Scrape for forum sites with two panels to scroll

Describe the problem.

Url: LIHKG 討論區

As you can see from the desktop version of the webpage, there are two panels one for posts, and one for threads in a post. I want to scroll to scrape all the links of the post column first then for each post scroll to scrape all contents. Scrolling seems not working in this case. Anyone can help??

Thanks a lot.

">

Hi,

You can try this setup:

{"_id":"lihkg-com3","startUrl":["https://lihkg.com/thread/3780738/page/1"],"selectors":[{"delay":5000,"elementLimit":500,"id":"element-left-col","multiple":true,"parentSelectors":["_root"],"scrollElementSelector":".C_300Fi04lLpFu_ZznJqq","selector":".qoAmEqNpZRLf2KVKZ8DsC > div","type":"SelectorElementScroll"},{"id":"link","linkType":"linkFromHref","multiple":false,"parentSelectors":["element-left-col"],"selector":"a._2A_7bGY9QAXcGu1neEYDJB","type":"SelectorLink"},{"id":"elements-right-col","multiple":true,"parentSelectors":["pagination"],"selector":"[id*=\"page-\"] ~","type":"SelectorElement"},{"id":"post-html","multiple":false,"parentSelectors":["elements-right-col"],"regex":"","selector":"_parent_","type":"SelectorHTML"},{"id":"pagination","paginationType":"clickOnce","parentSelectors":["link","pagination"],"selector":"[id=\"page-1\"] select option","type":"SelectorPagination"}]}

It works like charm. Thank you very much.

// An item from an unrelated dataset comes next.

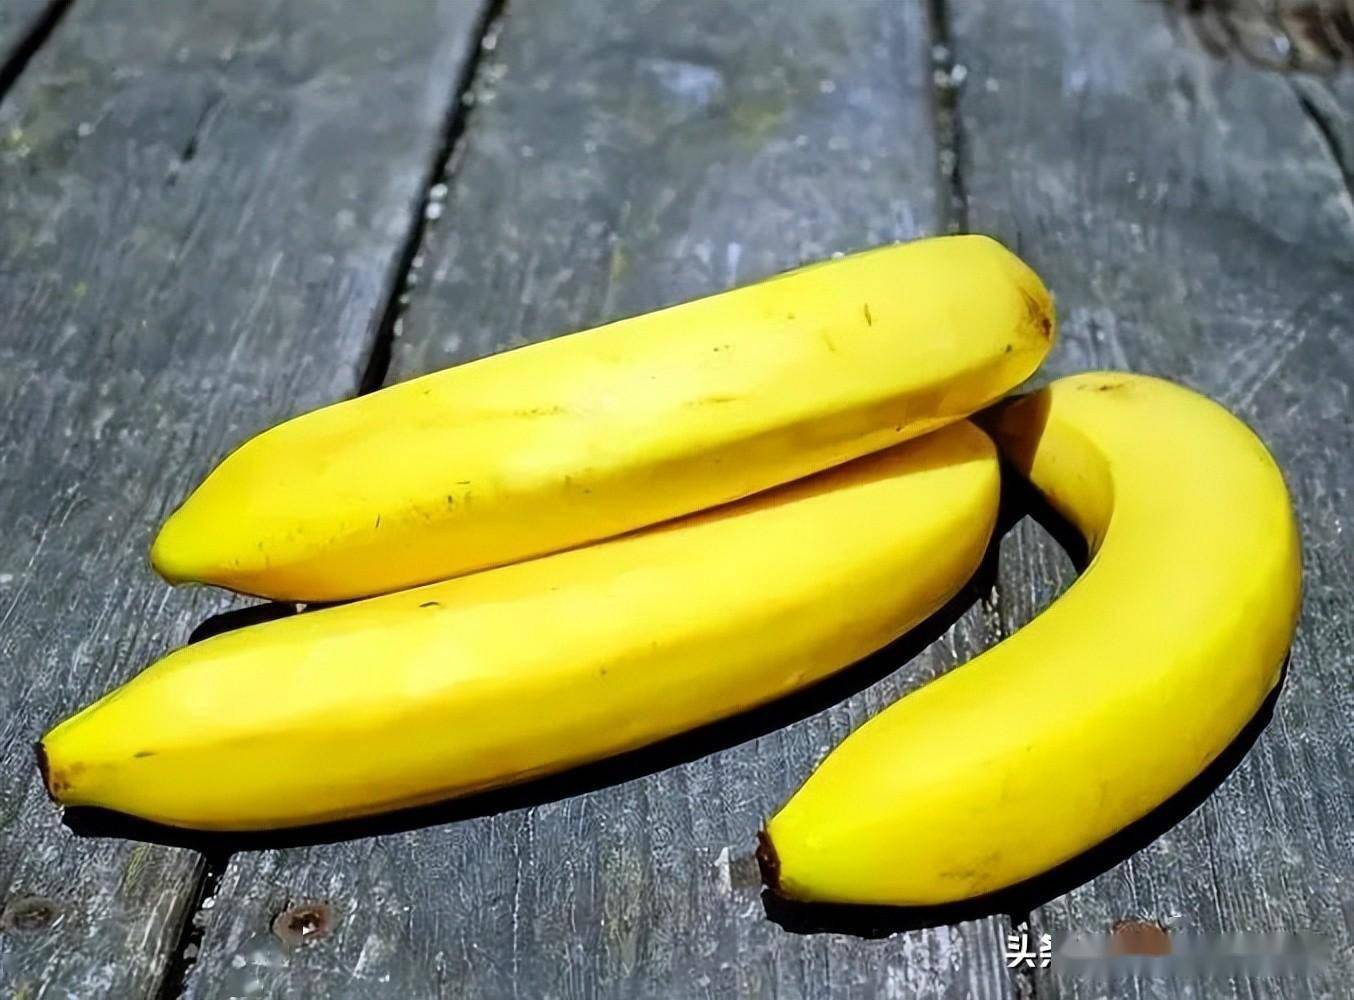 香蕉内部结构图和讲解图片
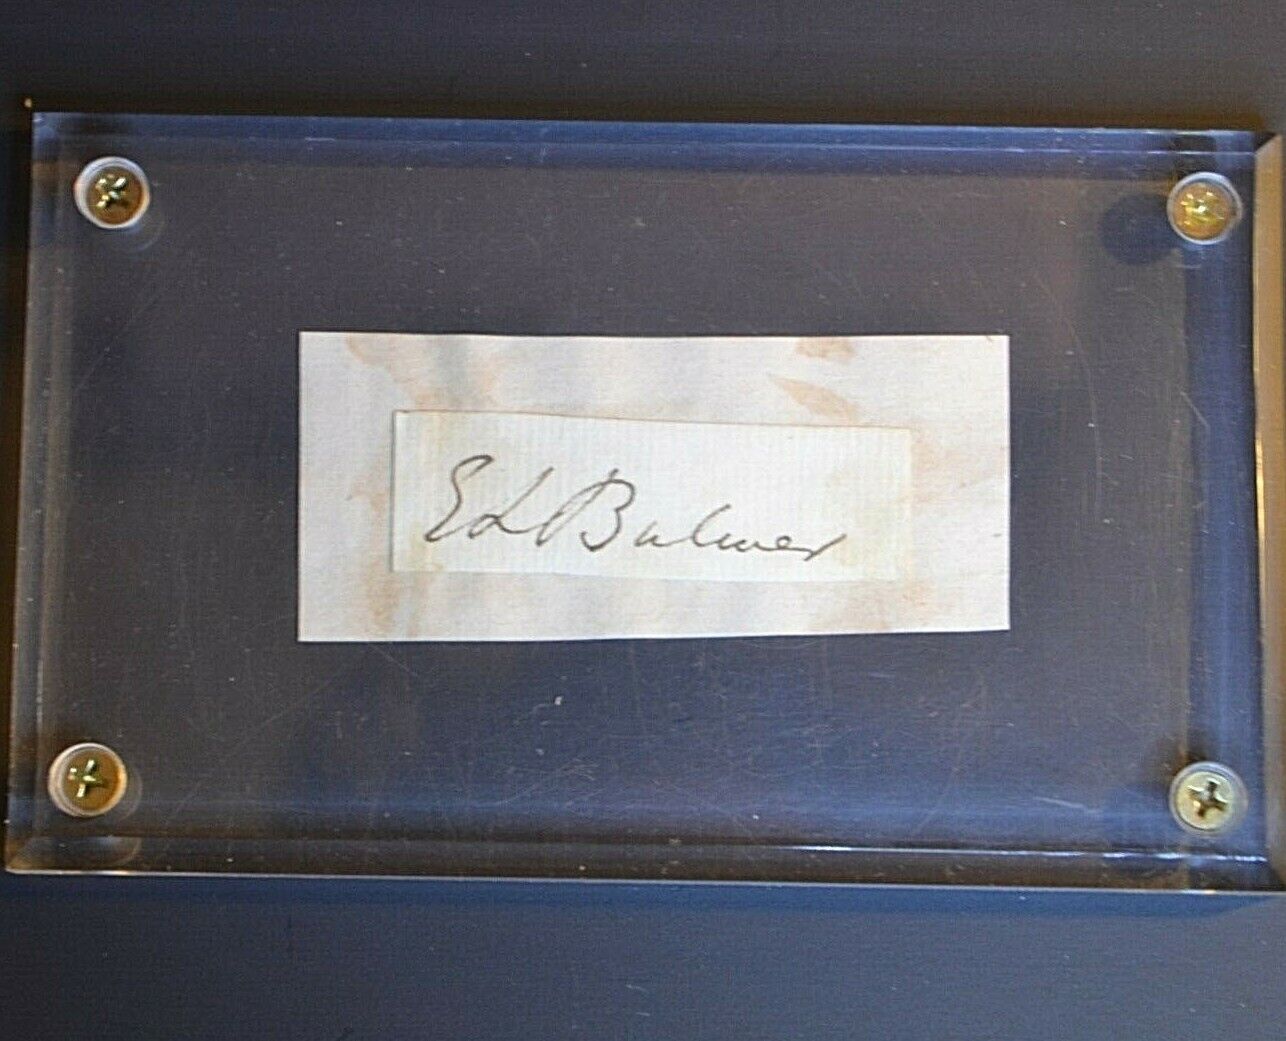 Edward Bulwer-Lytton Signature: 1803-1873 Baron, Knebworth, UK MP Hertfordshire

I have a question by the way about the scroller. How can you add another scrollelementSelector into the scroller? Is it something cannot be done in chrome extension? Thanks for your help.

{"id":"element-left-col","parentSelectors":["_root"],"type":"SelectorElementScroll","selector":".qoAmEqNpZRLf2KVKZ8DsC > div","multiple":true,"delay":5000,"scrollElementSelector":".C_300Fi04lLpFu_ZznJqq","elementLimit":500}

Since it is an inner scroll, a custom code snippet has to be inserted into the sitemap JSON. It is a bit tricky though to find the correct selector.

I see. Thanks for your response. Is there any documentation i can refer to about this custom code snippet ? Am i understanding it correctly thst it has to be added directly to the sitemap and impossible to add in chrome extension?